BANGKOK: Acht Uhr morgens in der Hauptstadt, Tag zwei des Kriegsrechts. Auf dem Bahnsteig der Hochbahn-Station Thong Lor drängeln sich wie jeden Morgen Dutzende Menschen. Einer liest die «Bangkok Post» mit der Balkenschlagzeile: «Armee reißt Kontrolle an sich».

Der Zug hält, kräftig Drängeln ist angesagt, dann passen doch noch ein paar Passagiere rein. Trotz Sardinenbüchsenenge schaffen die meisten Passagiere es, auf den Handydisplays rumzutippen. Facebook und Spiele sind populär. Es ist wie immer.

Kriegsrecht? Davon ist nichts zu spüren. Zwar kritisieren Menschenrechtler und Kommentatoren das Dekret. Besonders scharf ist Pravit Rojanaphruk in der Zeitung «Nation»: Wie eine Pille bei Durchfall sei das Kriegsrecht im politischen Machtkampf. «Der faule Kot bleibt im System», ätzt er.

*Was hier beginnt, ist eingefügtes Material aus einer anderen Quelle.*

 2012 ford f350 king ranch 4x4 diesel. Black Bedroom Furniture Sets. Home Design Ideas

Im Volk ist die Stimmung anders. Sowohl Anhänger als auch Kritiker der Regierung sind sogar froh über die Intervention.

«Kriegsrecht ist eine gute Sache, dann hört (Protestanführer) Suthep endlich auf mit seinen Protestmärschen und dem Schikanieren der Regierung», meint Samnieng Saekhot. Der 66-jährige hat seine Reisfelder in der Provinz vermietet und lebt jetzt in einem Bangkoker Vorort. Er ist Regierungsanhänger. Die haben Massendemonstrationen angedroht, sollte die Regierung abgesetzt werden. «Wenn die Armee nicht neutral bleibt, werden wir aufbegehren, dann kann es zum Bürgerkrieg kommen», sagt er.

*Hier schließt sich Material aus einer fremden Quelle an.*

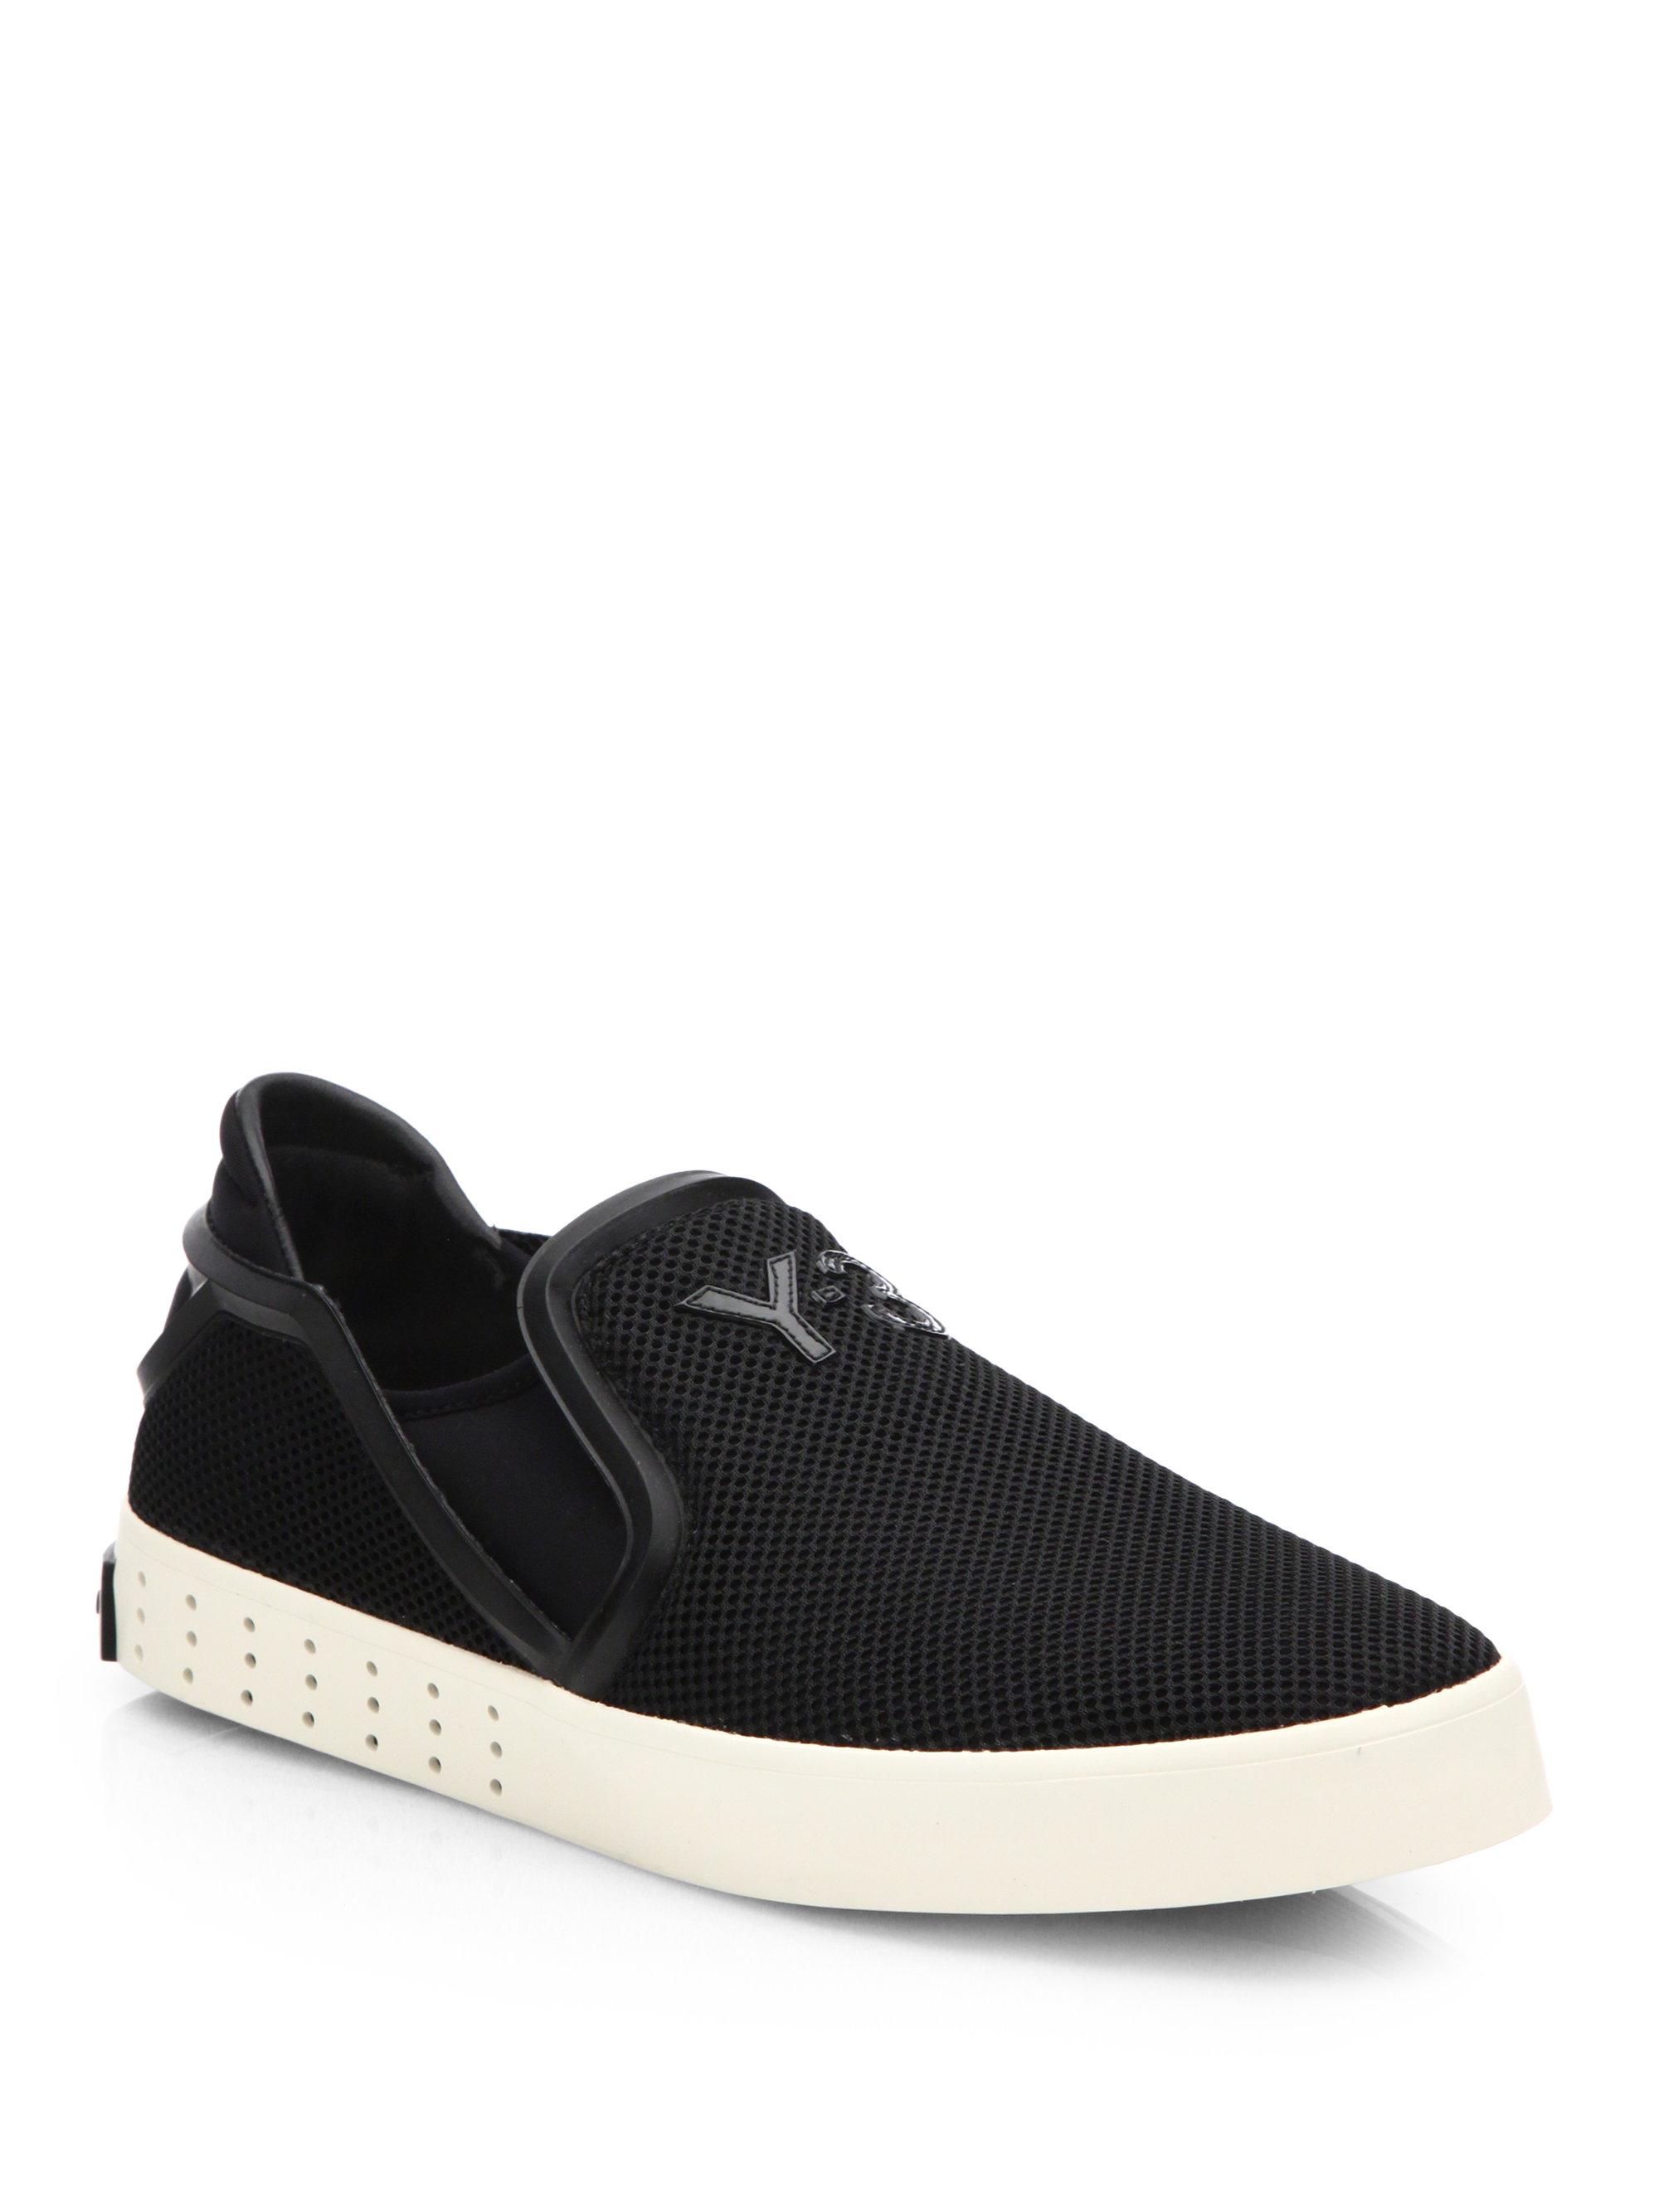 Lyst Y 3 Laver Slip On Sneakers In Black For Men

«Ich fühle mich sicherer, seit ich weiß, dass die Armee das Sagen hat», meint Nion Decharatpinit. Sie arbeitet an einer europäischen Botschaft, ist wohlhabend und steht auf Seiten der Regierungsgegner.

Seit die Armee 2006 gegen den in gehobenen Kreisen verhassten Thaksin Shinawatra putschte, haben Soldaten bei der Mittelschicht ein Stein im Brett. «Seit dem Putsch, seit die Armee unser Verbündeter gegen Thaksin wurde, hat sich meine Einstellung geändert. Ausländer verstehen das nicht», sagt sie.

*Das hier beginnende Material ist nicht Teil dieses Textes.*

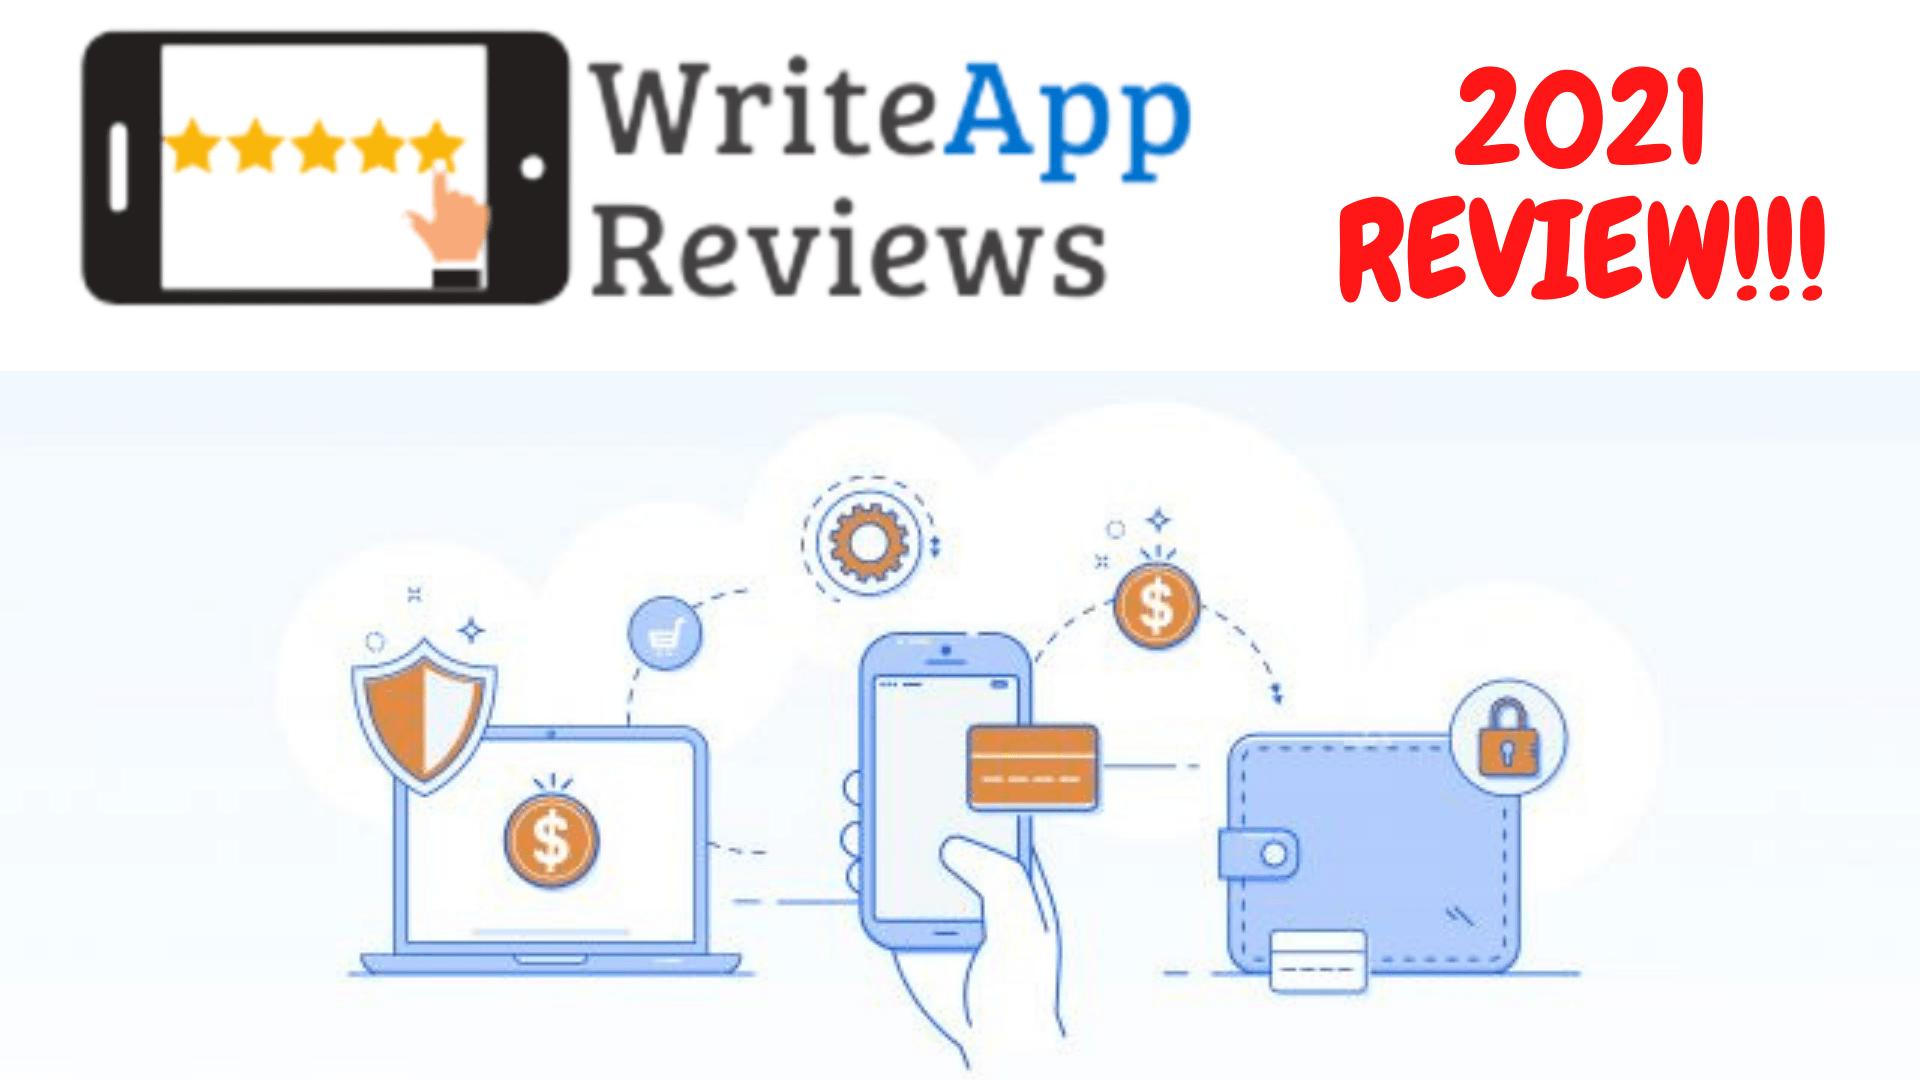 WriteApp Reviews Logo FRONTPAGE

«Die Leute begrüßen das Militär, weil es sich um das Land kümmert», sagt Lian Sunsorn (55). Sie betreibt einen kleinen Gemischtwarenladen in Bangkok. «Ich hoffe, dass sie zwischen den beiden Seiten vermitteln können, ansonsten kommen die Leute wohl nur zu Sinnen, wenn es mehr Blutvergießen wird.»

«Ich stehe hinter der Armee, sie ist immer auf Seiten des Volkes», sagt der arbeitslose Intira Mateekusontan (38). «Überhaupt: Ich beschwere mich nicht, wenigstens war der Verkehr heute nicht ganz so schlimm wie sonst», fügt er hinzu.

«Mich interessiert das alles nicht, so lange es mein Geschäft nicht beeinträchtigt», sagt Jakrapong Wattanachai. Der 53-jährige betreibt ein kleines Restaurant in der Innenstadt, nicht weit von einer Kreuzung entfernt, die die Regierungsgegner lange besetzt hielten. «An manchen Demo-Tagen hatte ich nur halb so viele Gäste, aber im Großen und Ganzen läuft es okay», sagt er.

Kamolwan Panyasevanamit ist 20 und studiert an der Chulalongkorn-Universität. Sie hat sich am ersten Abend nach Verhängung des Kriegsrechts trotzdem mit Freunden in einer Bar getroffen. «Eigentlich hat sich kaum etwas geändert. «Vielleicht sind die Leute etwas panischer. Ich halte mich von den Brennpunkten in der Stadt einfach fern.»